■ What is being asked
One exact copy of the listing is needed. It should contain no pictures.

■ Dataset content
::::
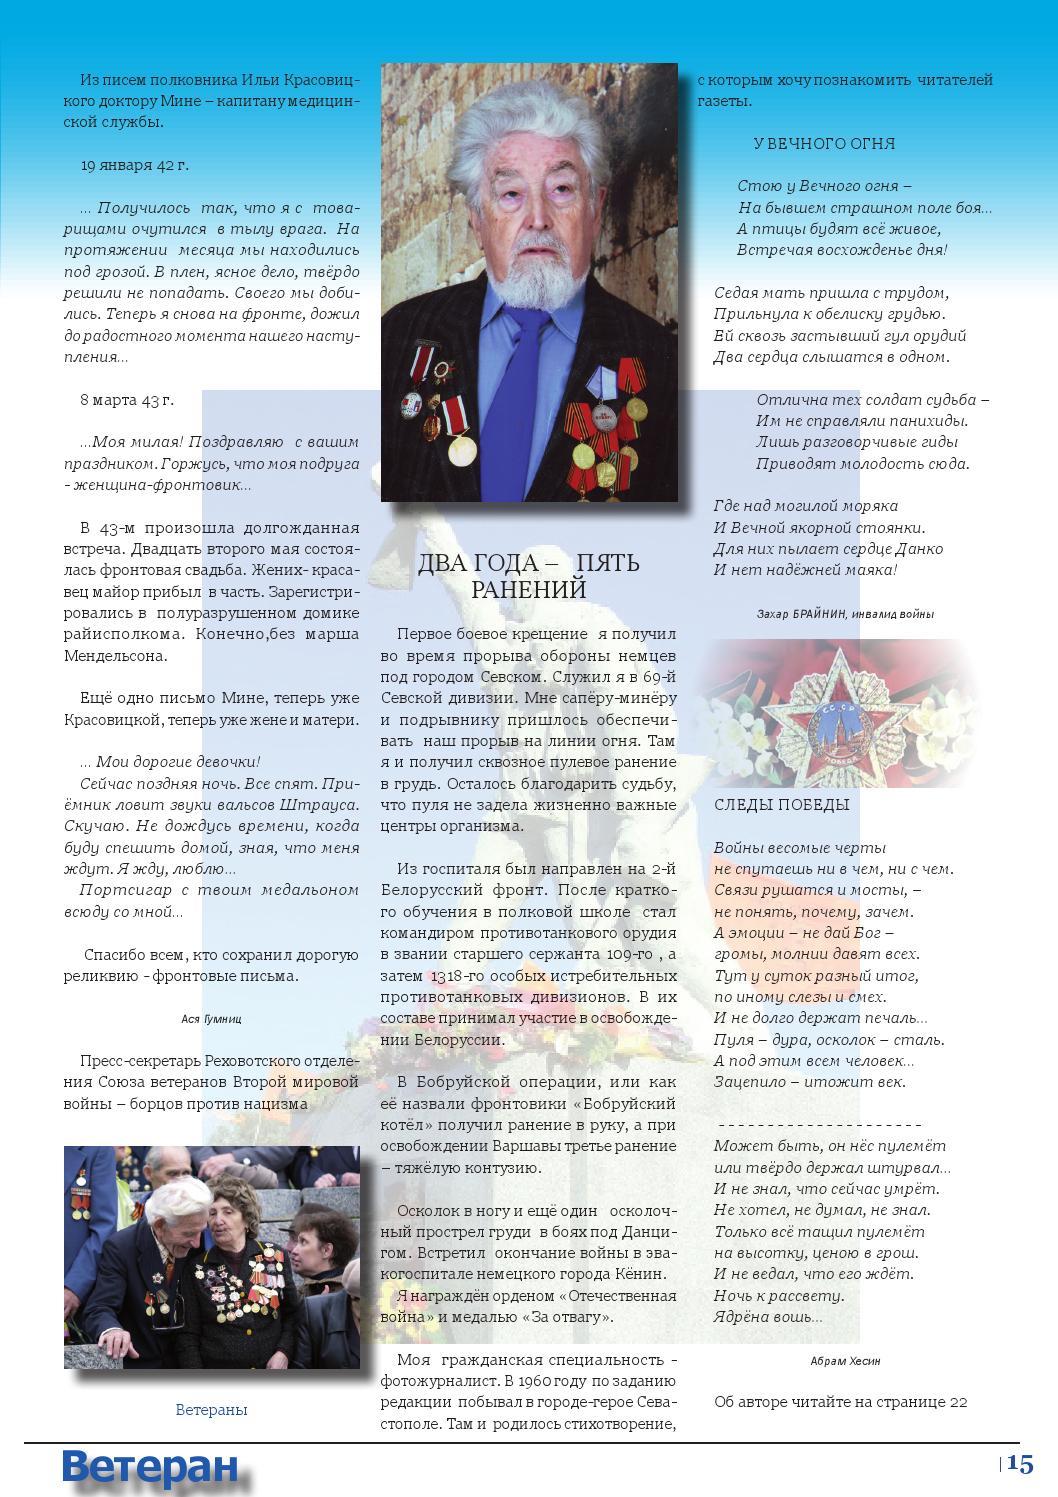 журнал о ветеранах фото них пойдет далее
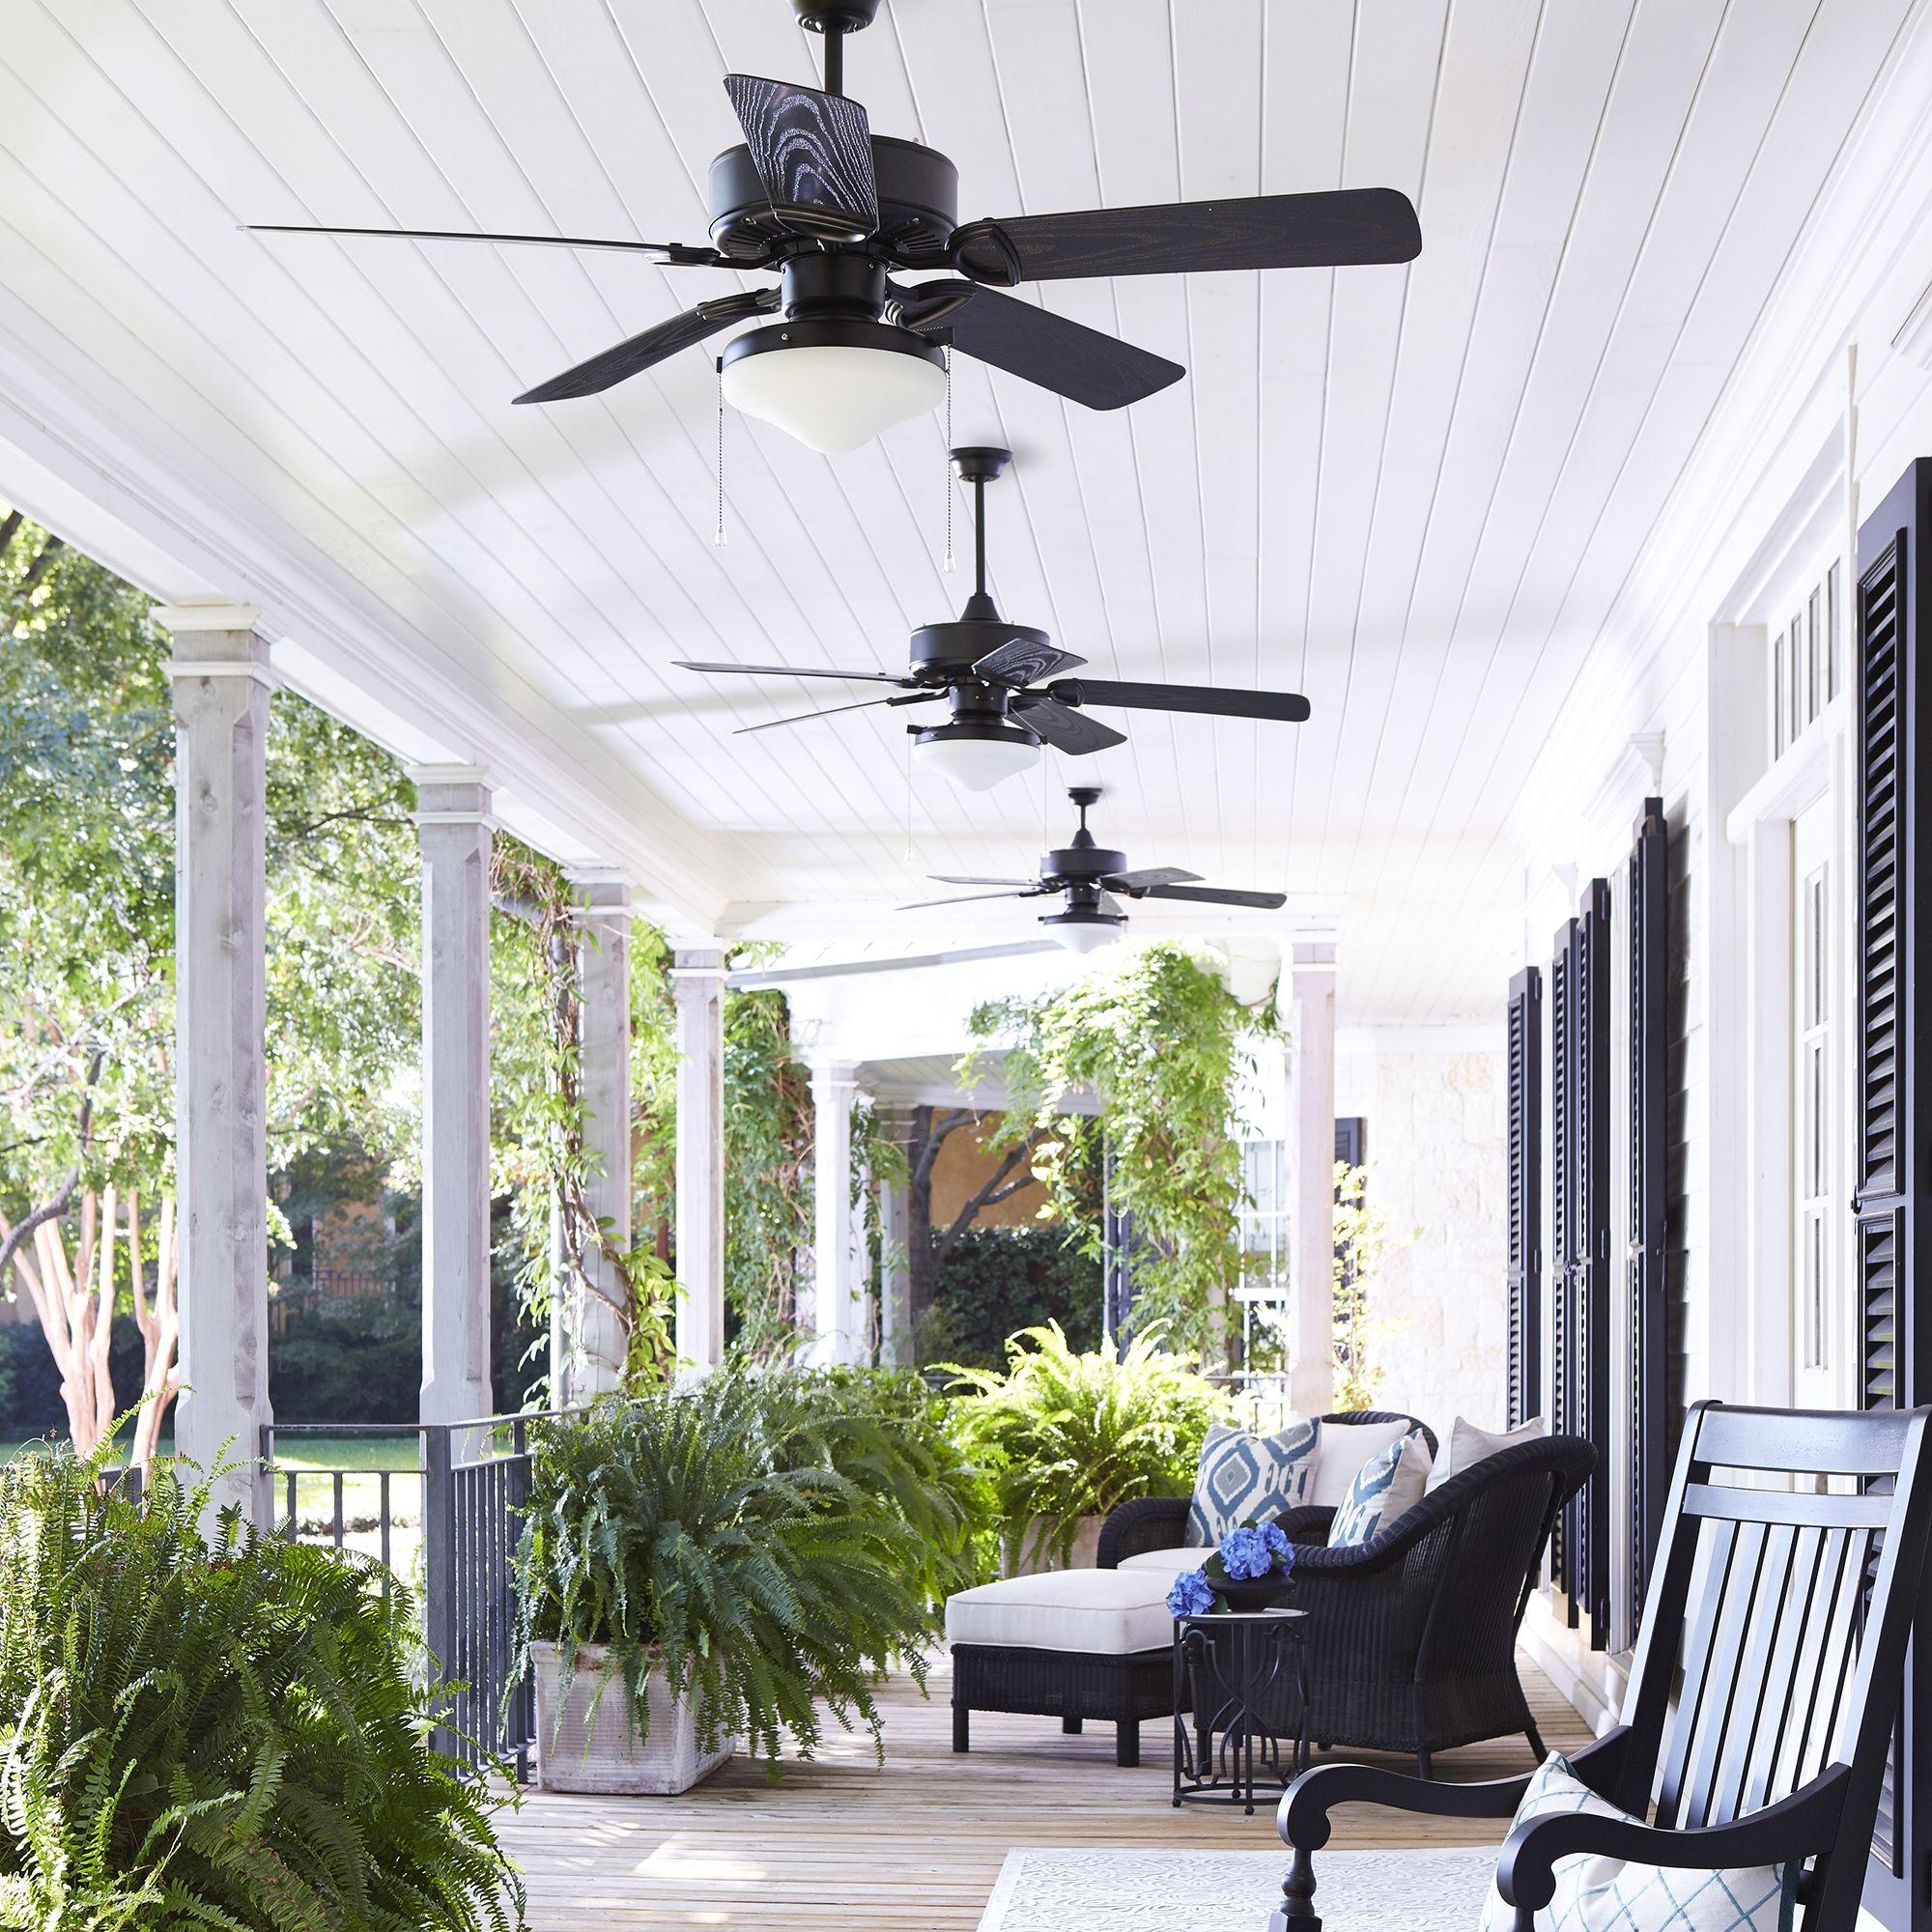 Porch Ceiling Fans Outdoor Ceiling Fans Brick Exterior House Ceiling Fan Outdoor ceiling fans on sale
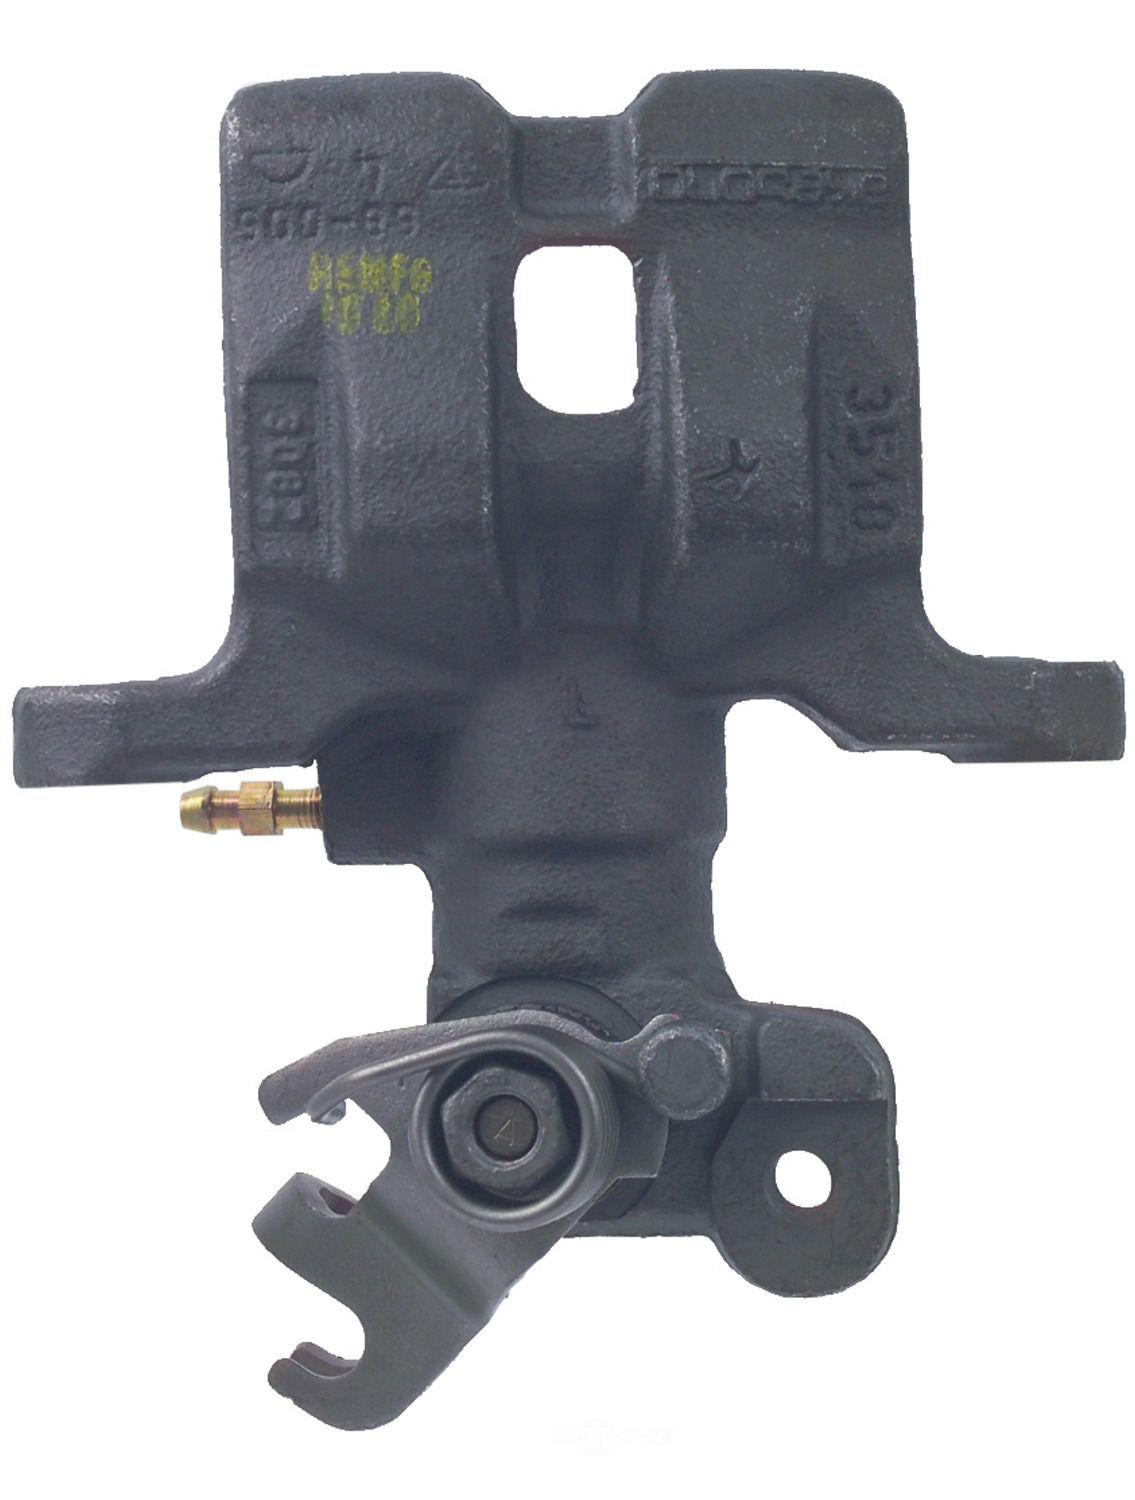 CARDONE/A-1 CARDONE - Reman Friction Choice Caliper (Rear Left) - A1C 19-2858
::::
■ Response to the exercise
 журнал о ветеранах фото них пойдет далее
 Porch Ceiling Fans Outdoor Ceiling Fans Brick Exterior House Ceiling Fan Outdoor ceiling fans on sale
 CARDONE/A-1 CARDONE - Reman Friction Choice Caliper (Rear Left) - A1C 19-2858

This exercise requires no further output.